╭──

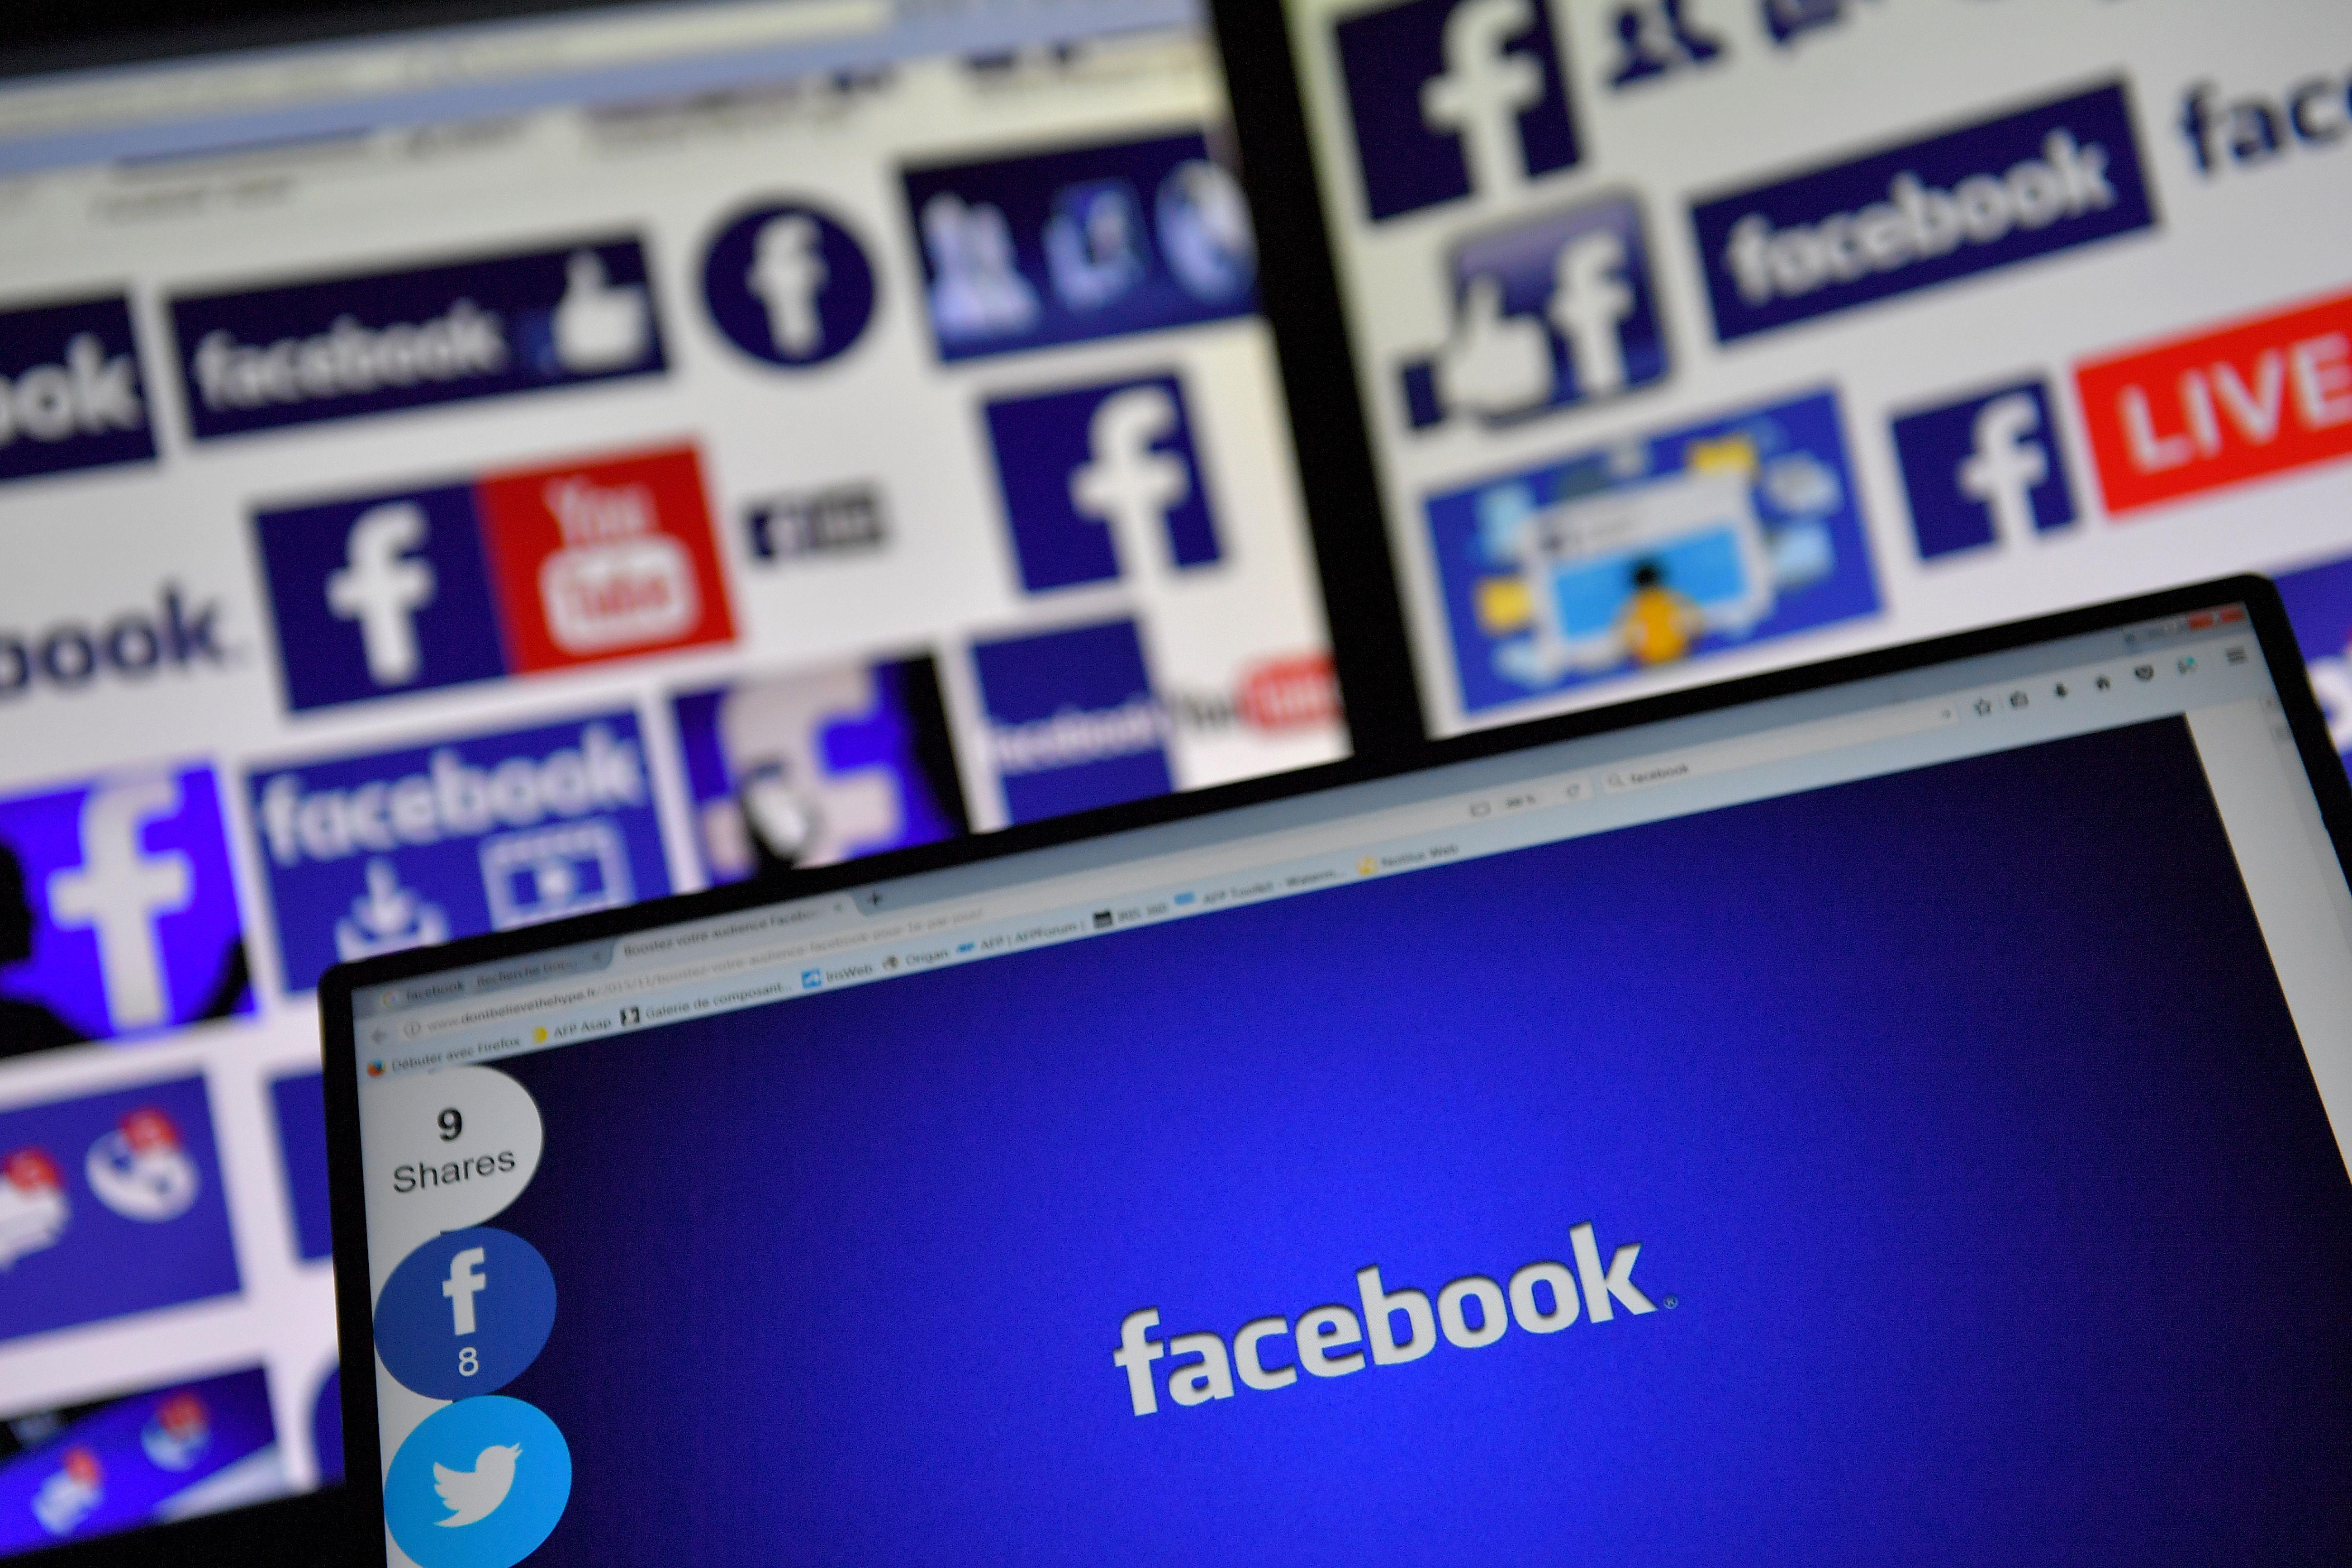 Facebook messenger logos
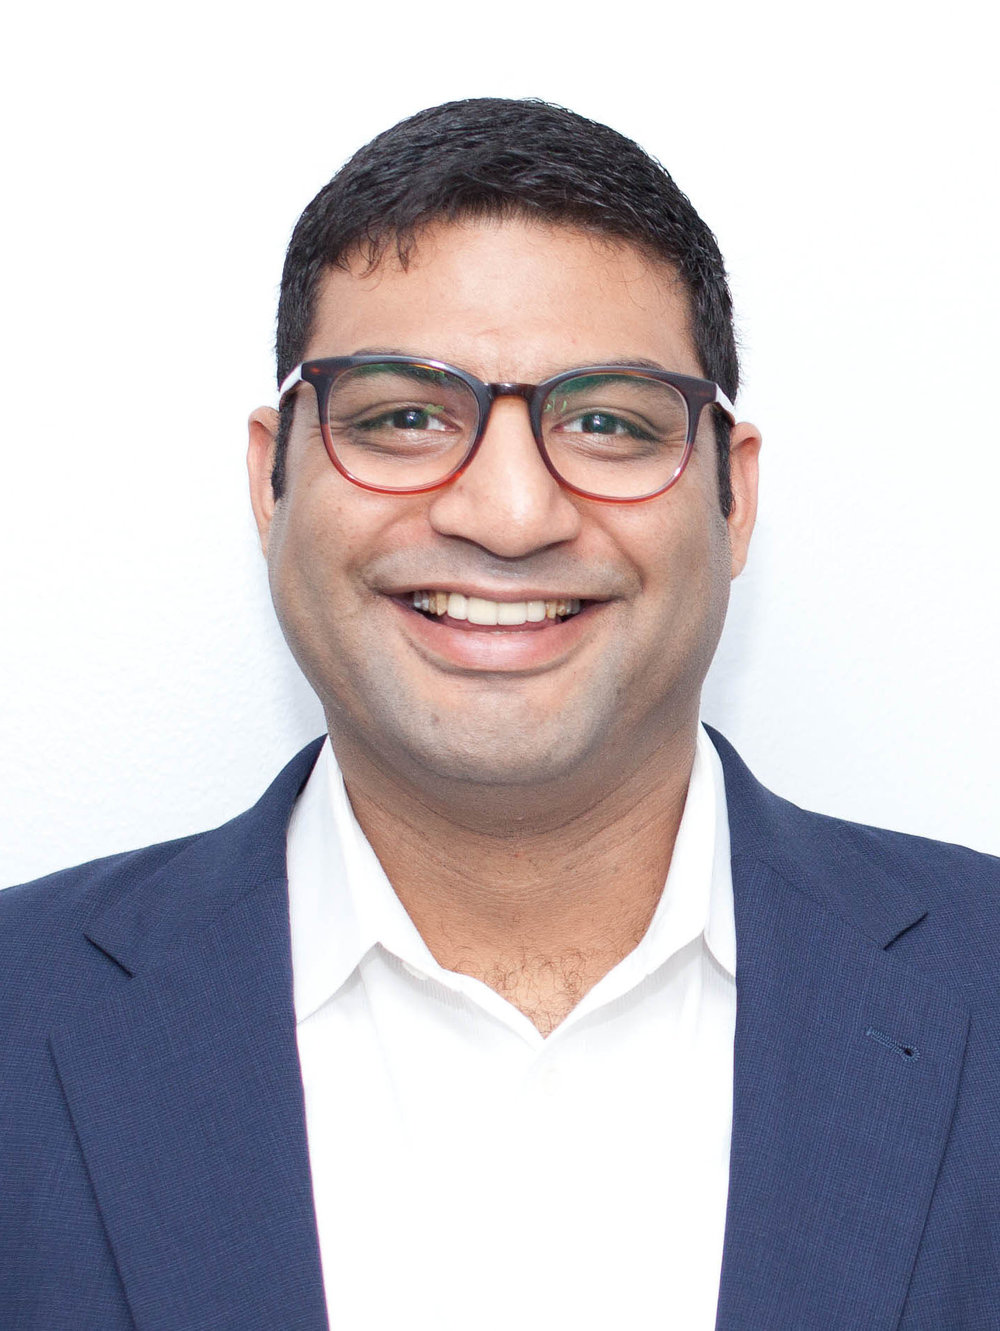 Amin Noorani, Director of Lending
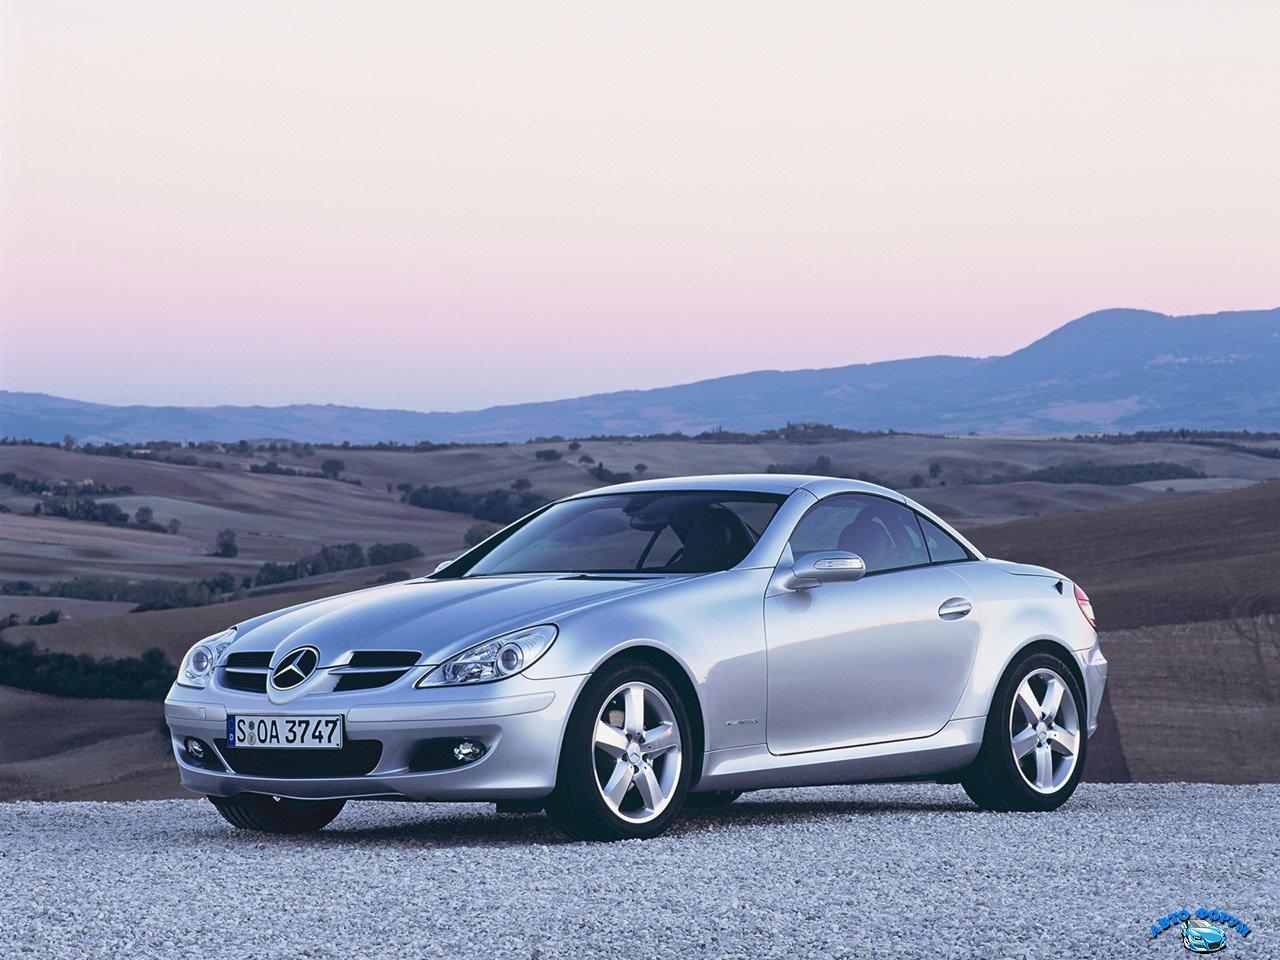 2004-Mercedes-Benz-SLK-fa-1280x960.jpg

╰──

Problem to work on: Return exactly the lines that begin with the one containing "Amin Noorani, Director of Lending" and end with the final line of the data above; include no pictures.

Reply:
 Amin Noorani, Director of Lending
 2004-Mercedes-Benz-SLK-fa-1280x960.jpg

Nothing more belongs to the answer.